> [Data provided]:
==============================

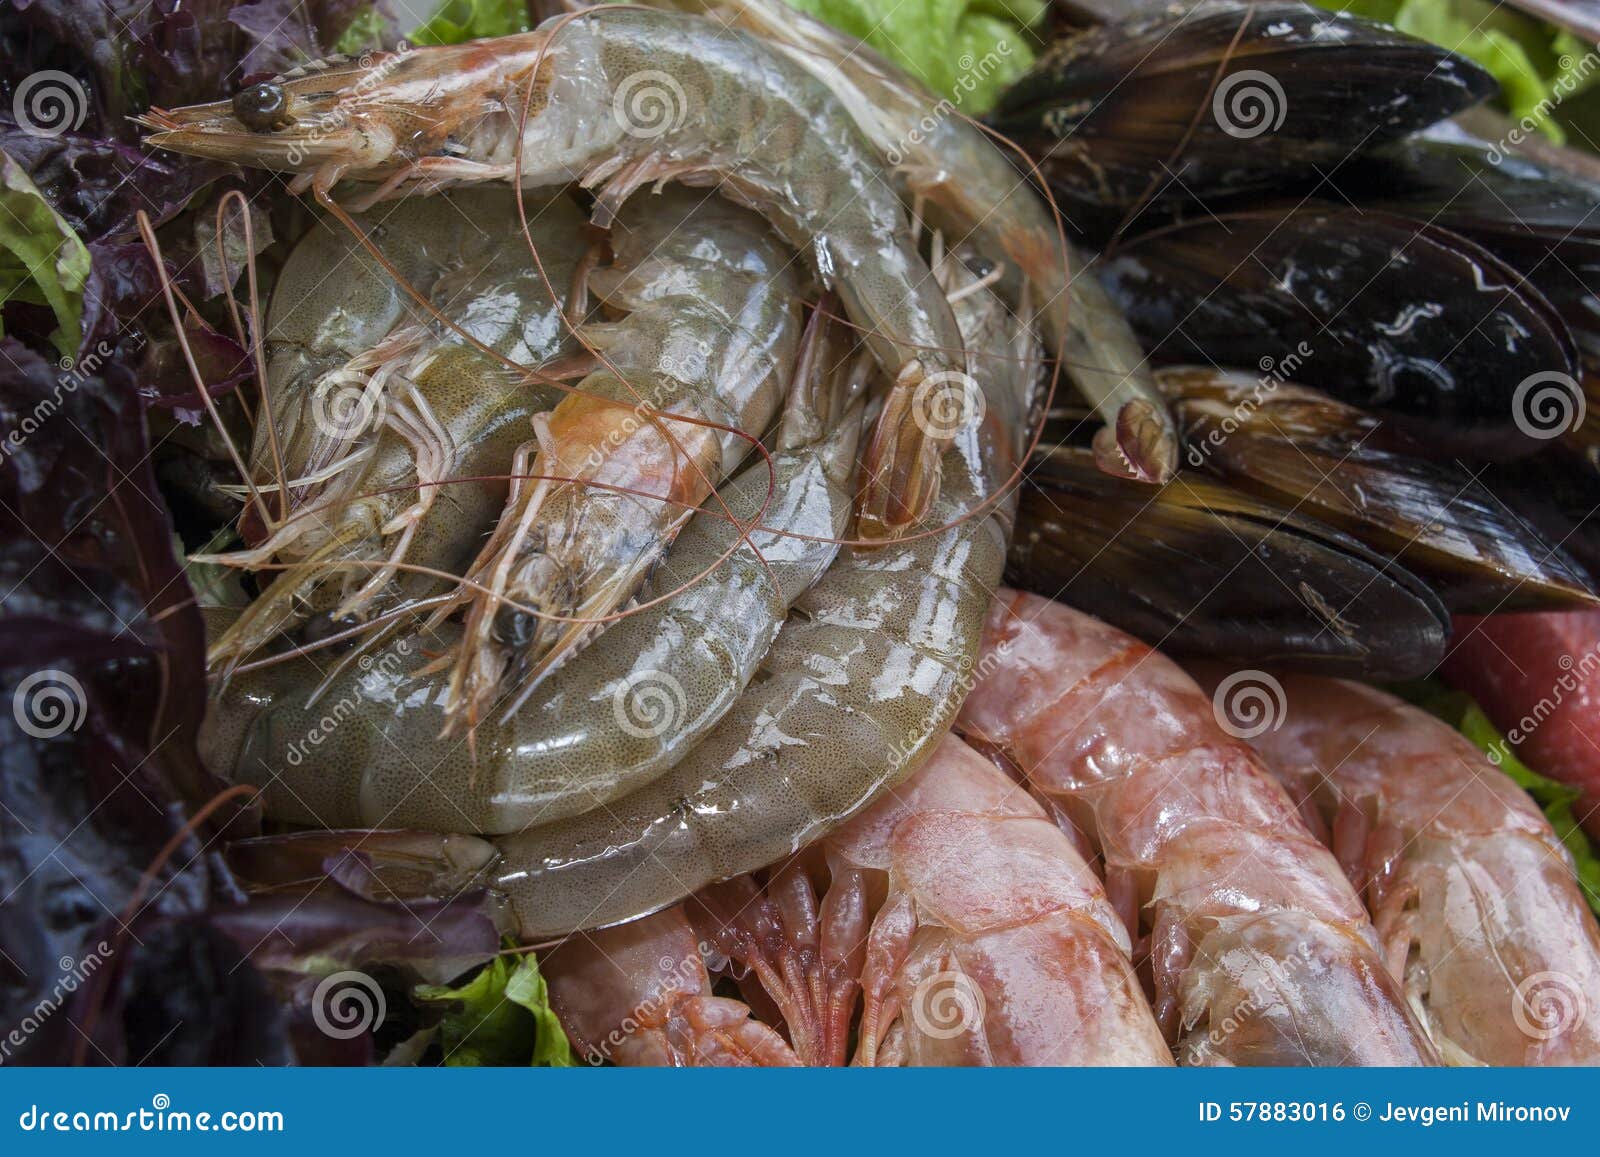 fresh shrimps
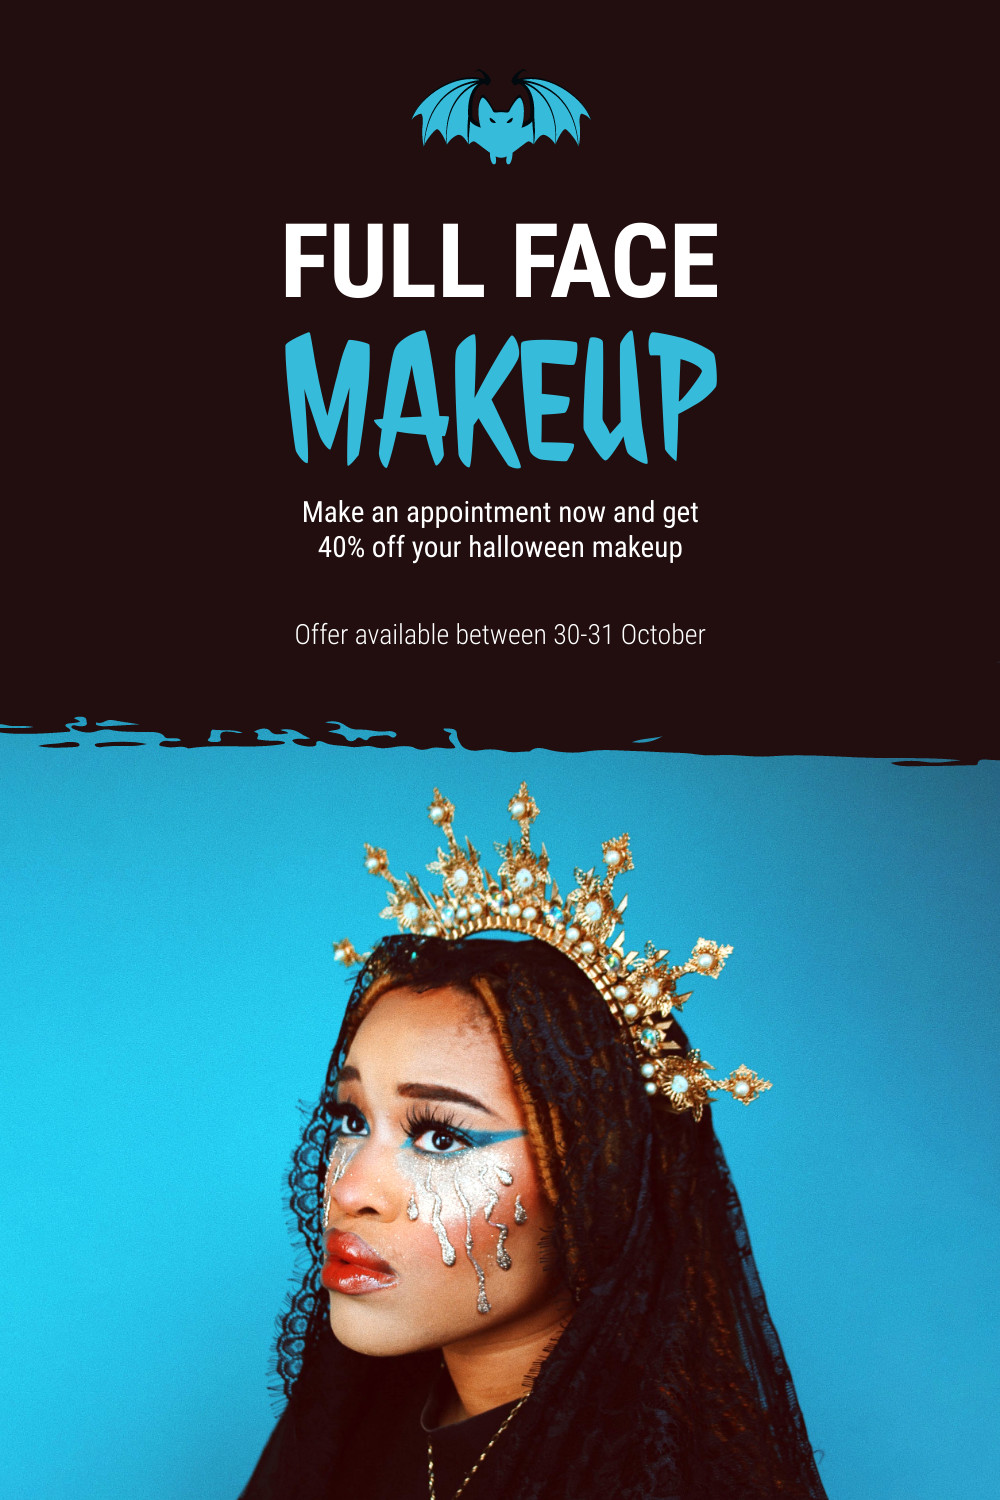 Full Face Halloween Makeup Facebook Cover 820x360
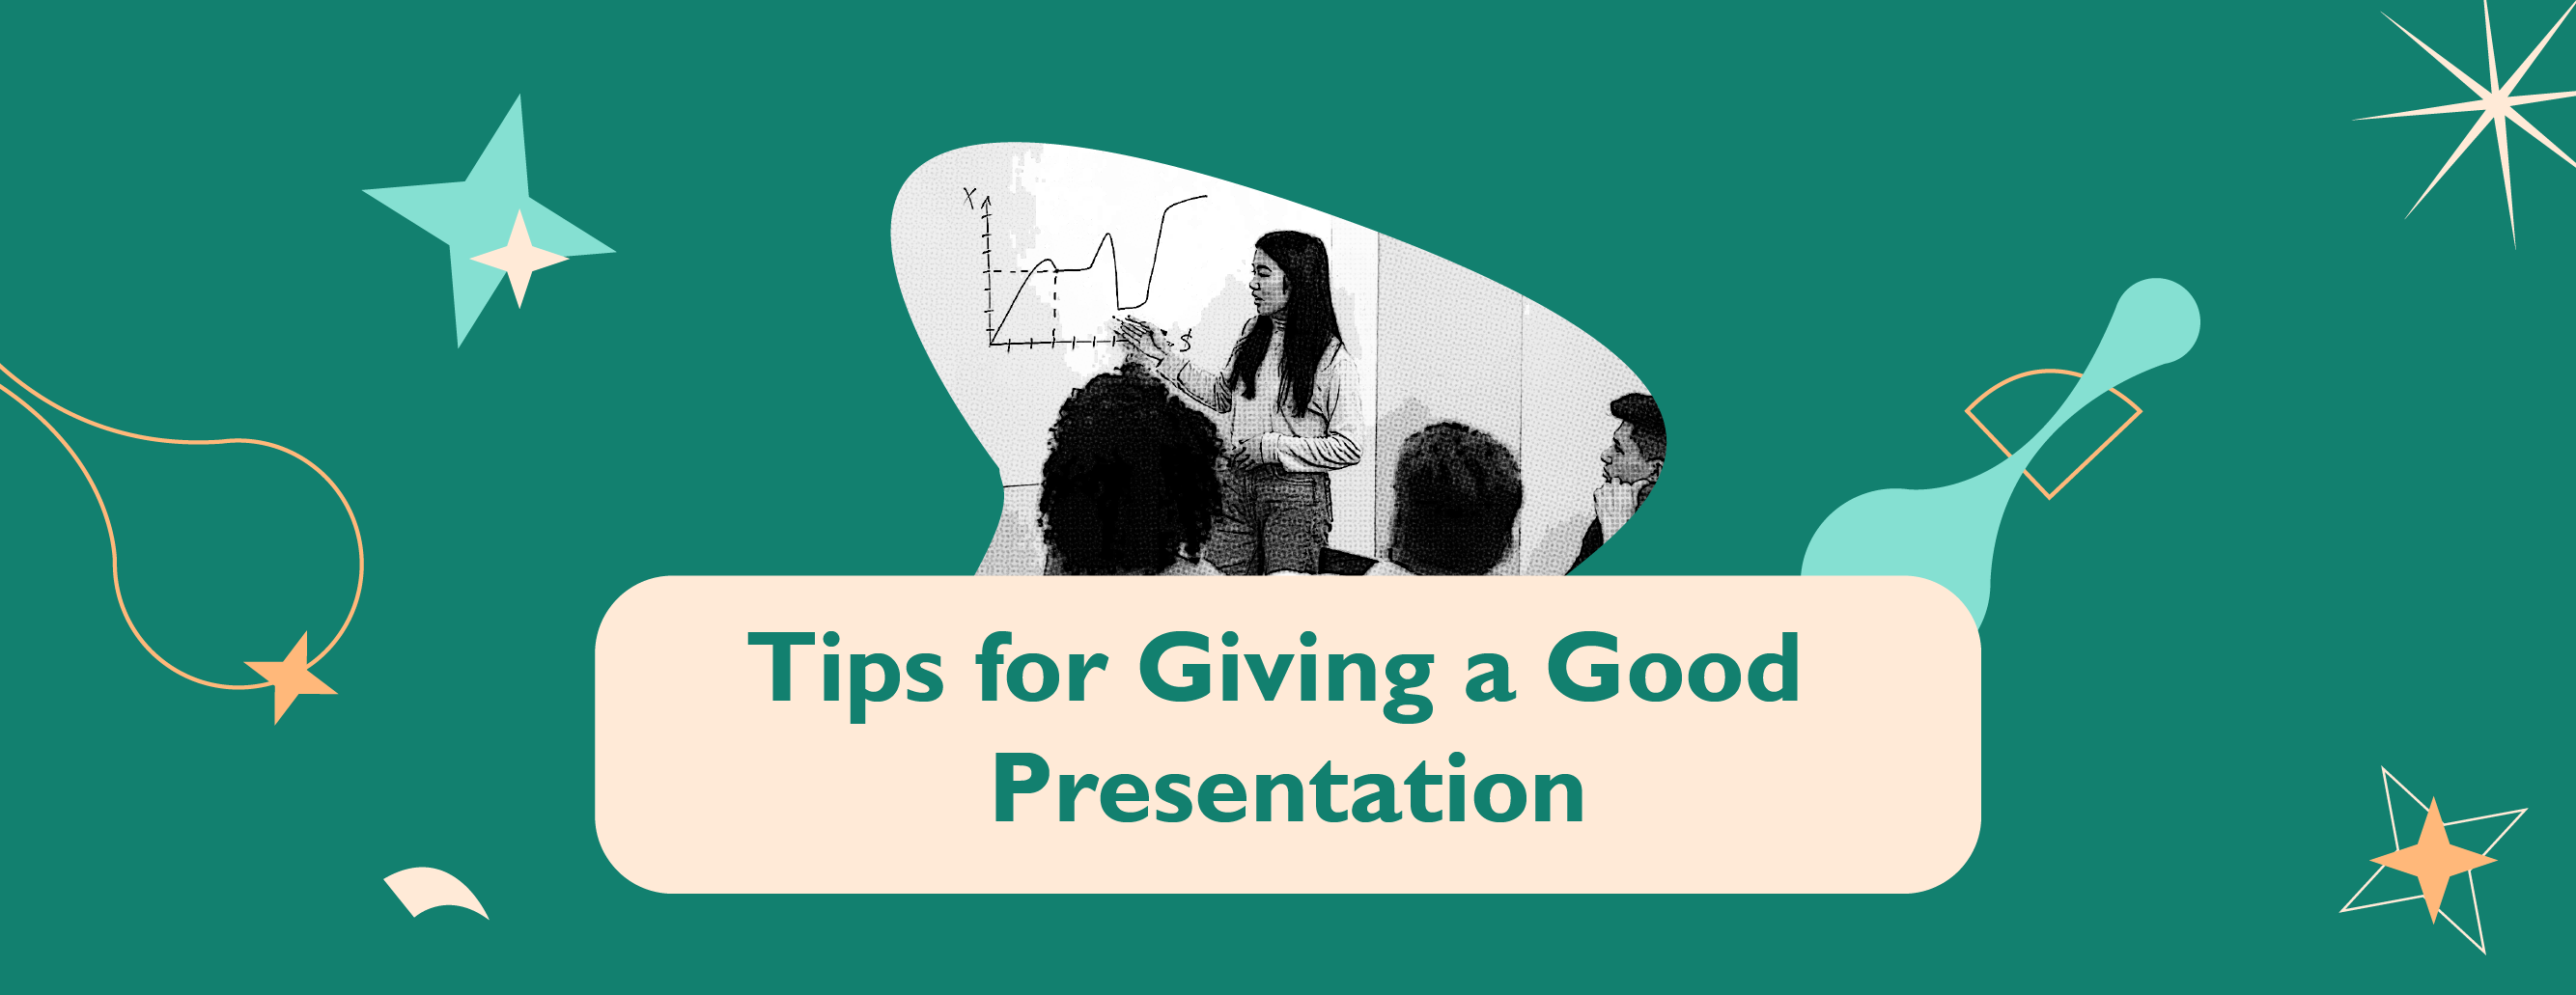 presentation to good
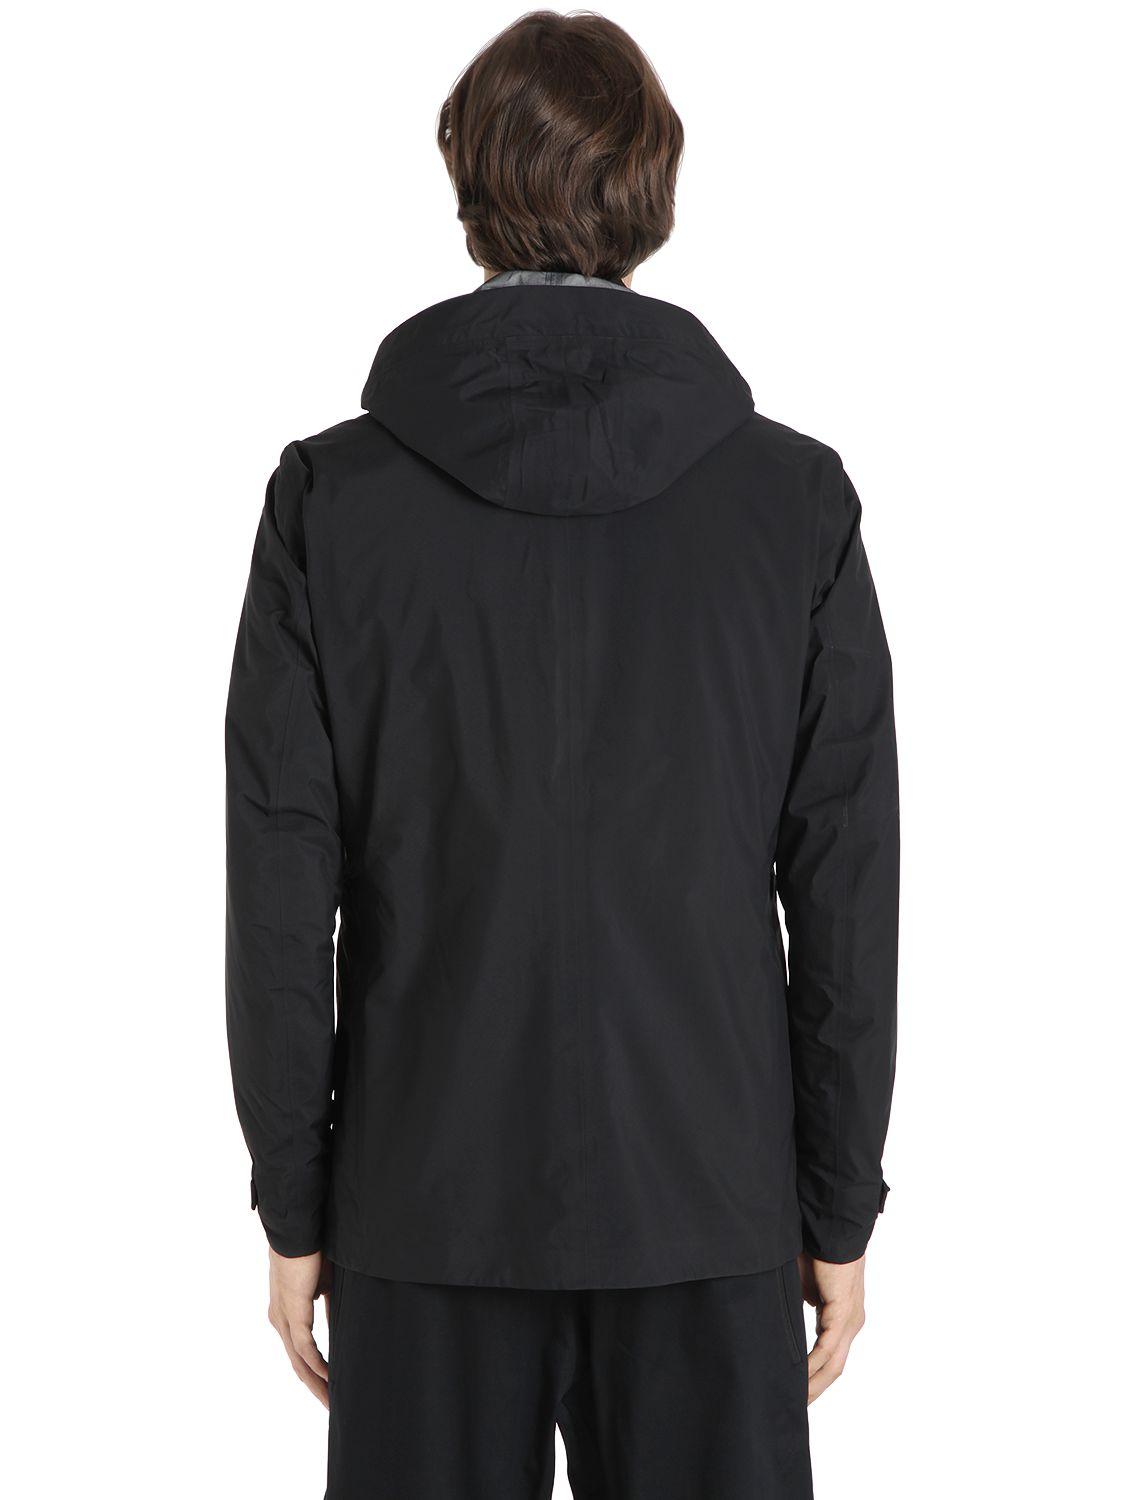 Nike Nikelab Acg System Blazer Down Jacket in Black for Men - Lyst

==============================

> [To do]: Once more, please print the whole listing exactly, omitting each image.

> [Solution to the problem]:
 fresh shrimps
 Full Face Halloween Makeup Facebook Cover 820x360
 presentation to good
 Nike Nikelab Acg System Blazer Down Jacket in Black for Men - Lyst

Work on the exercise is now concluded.